▶ _DATA_:
*****
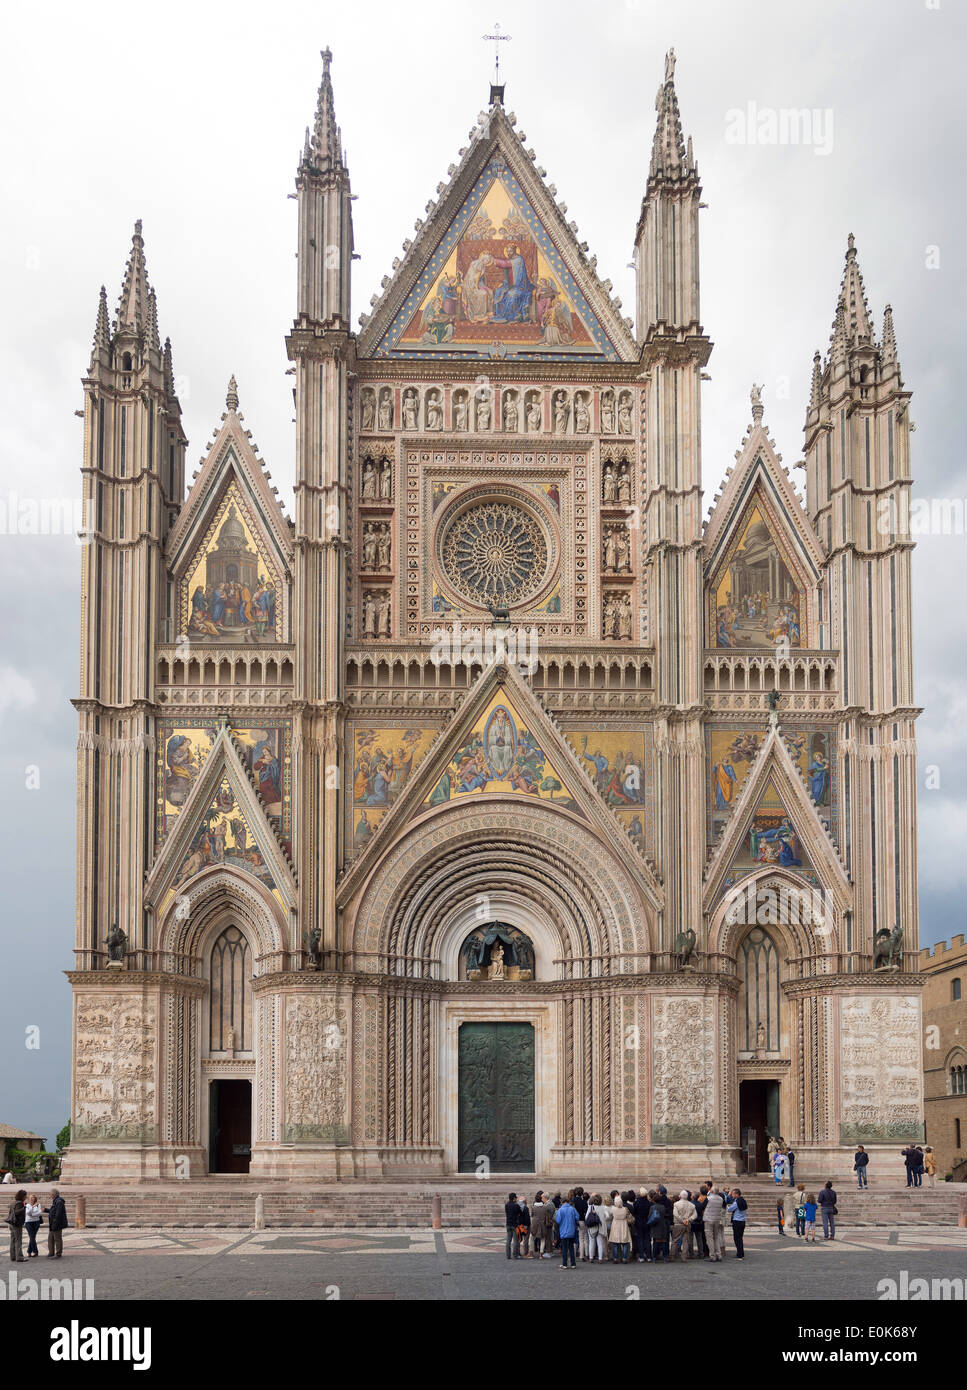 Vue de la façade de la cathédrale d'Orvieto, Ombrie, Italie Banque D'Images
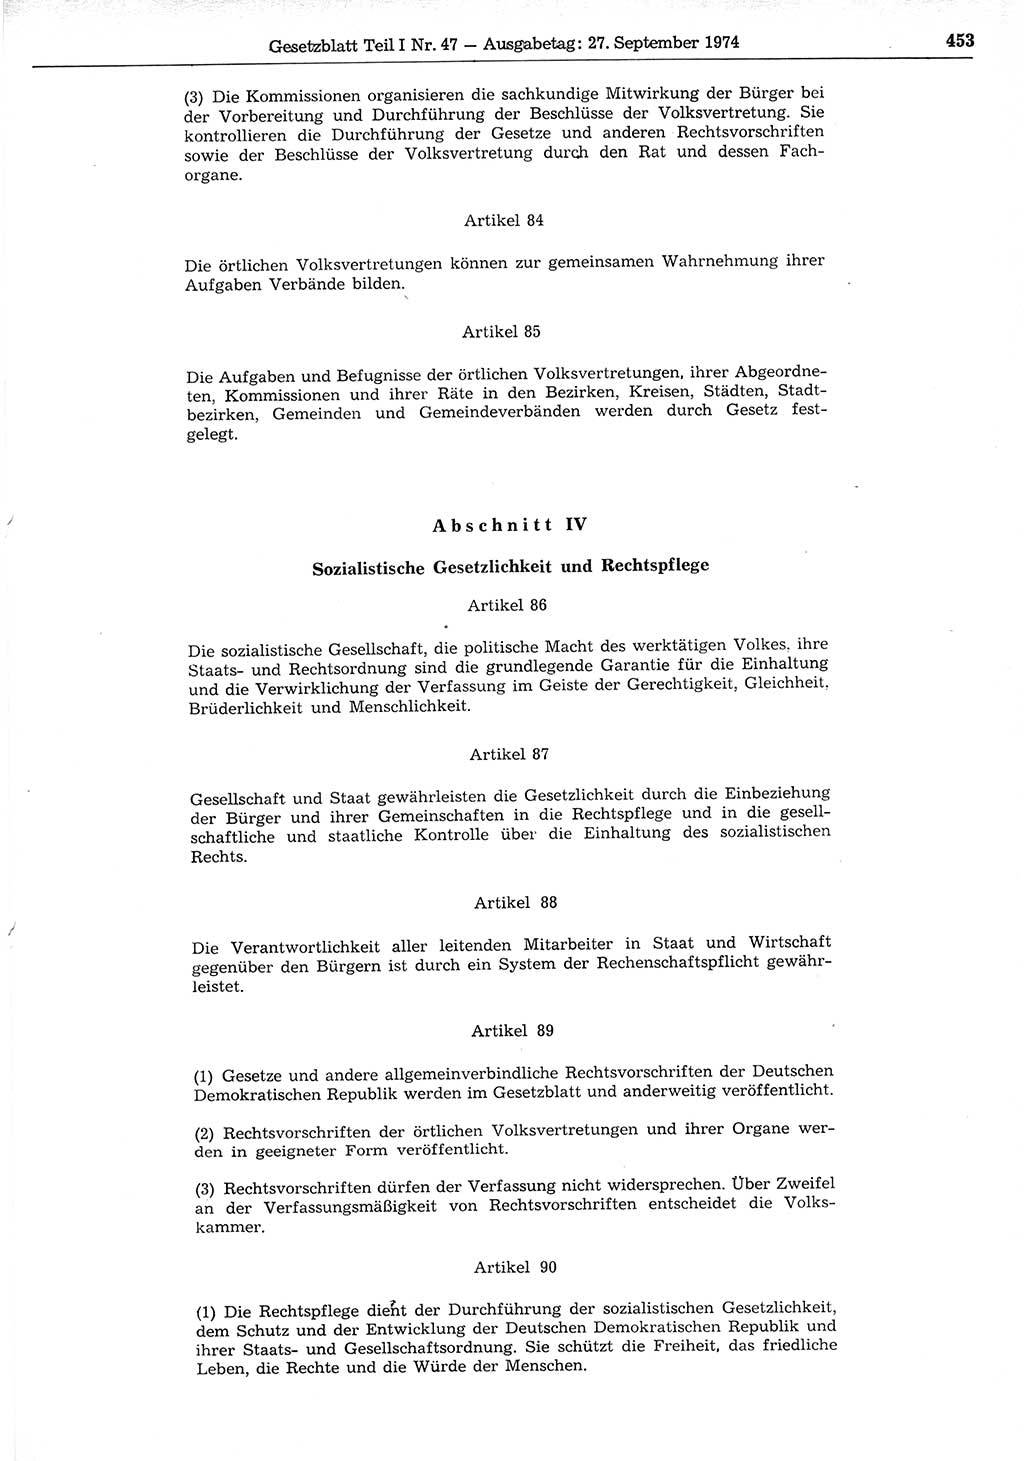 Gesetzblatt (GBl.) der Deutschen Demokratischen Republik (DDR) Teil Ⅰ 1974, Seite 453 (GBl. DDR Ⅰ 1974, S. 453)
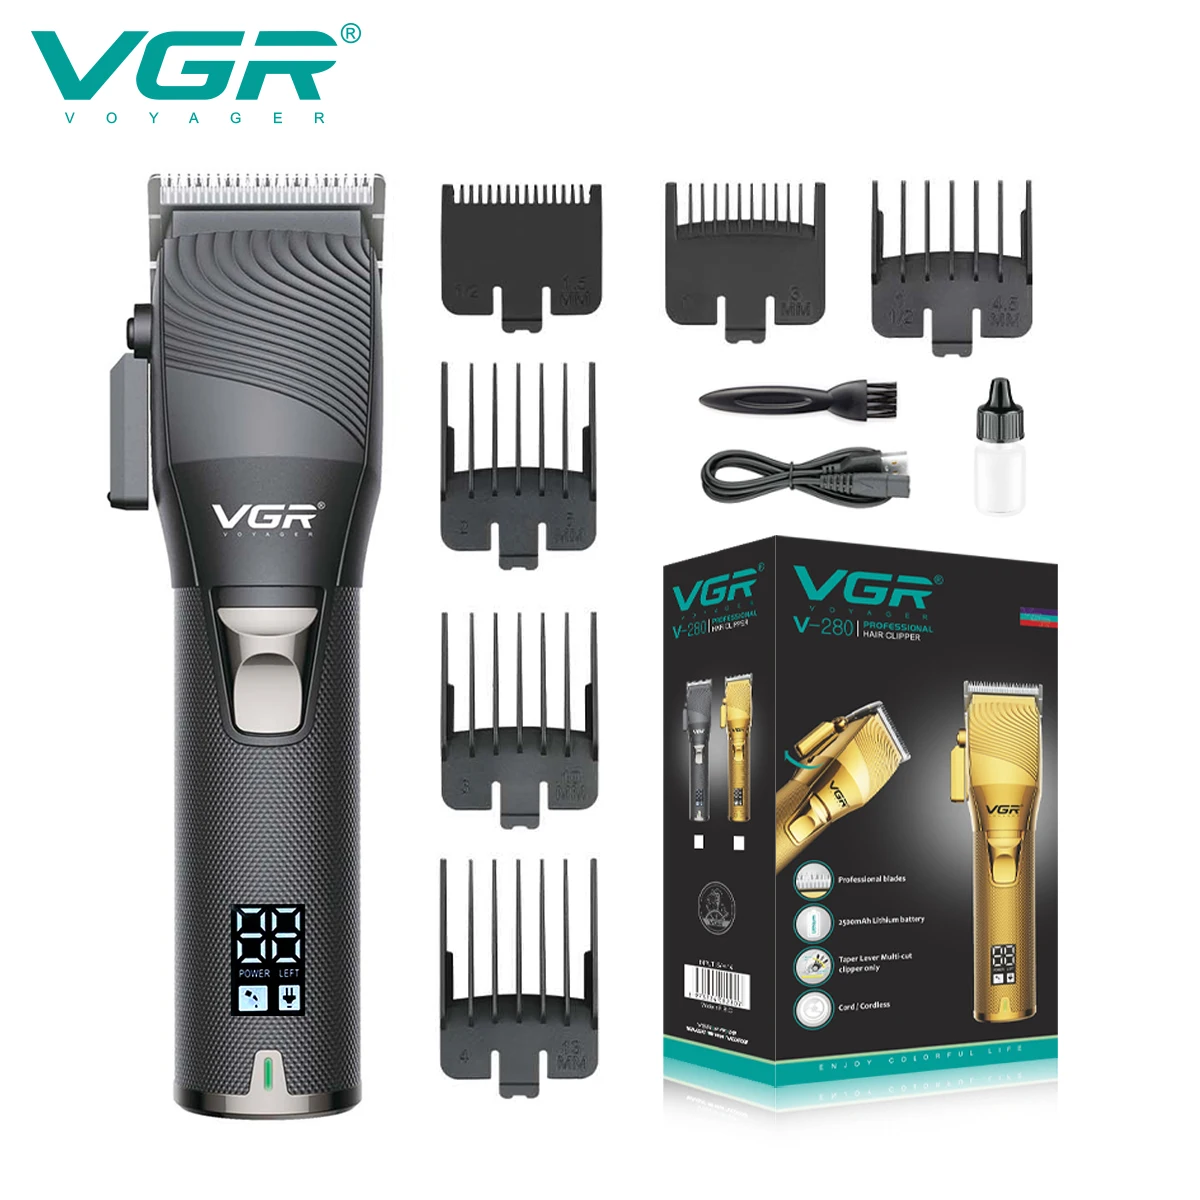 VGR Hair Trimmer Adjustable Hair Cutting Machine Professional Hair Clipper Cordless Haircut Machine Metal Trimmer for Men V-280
*****
Retype the data above verbatim, minus images.

 Vue de la façade de la cathédrale d'Orvieto, Ombrie, Italie Banque D'Images
 Gesetzblatt (GBl.) der Deutschen Demokratischen Republik (DDR) Teil Ⅰ 1974, Seite 453 (GBl. DDR Ⅰ 1974, S. 453)
 VGR Hair Trimmer Adjustable Hair Cutting Machine Professional Hair Clipper Cordless Haircut Machine Metal Trimmer for Men V-280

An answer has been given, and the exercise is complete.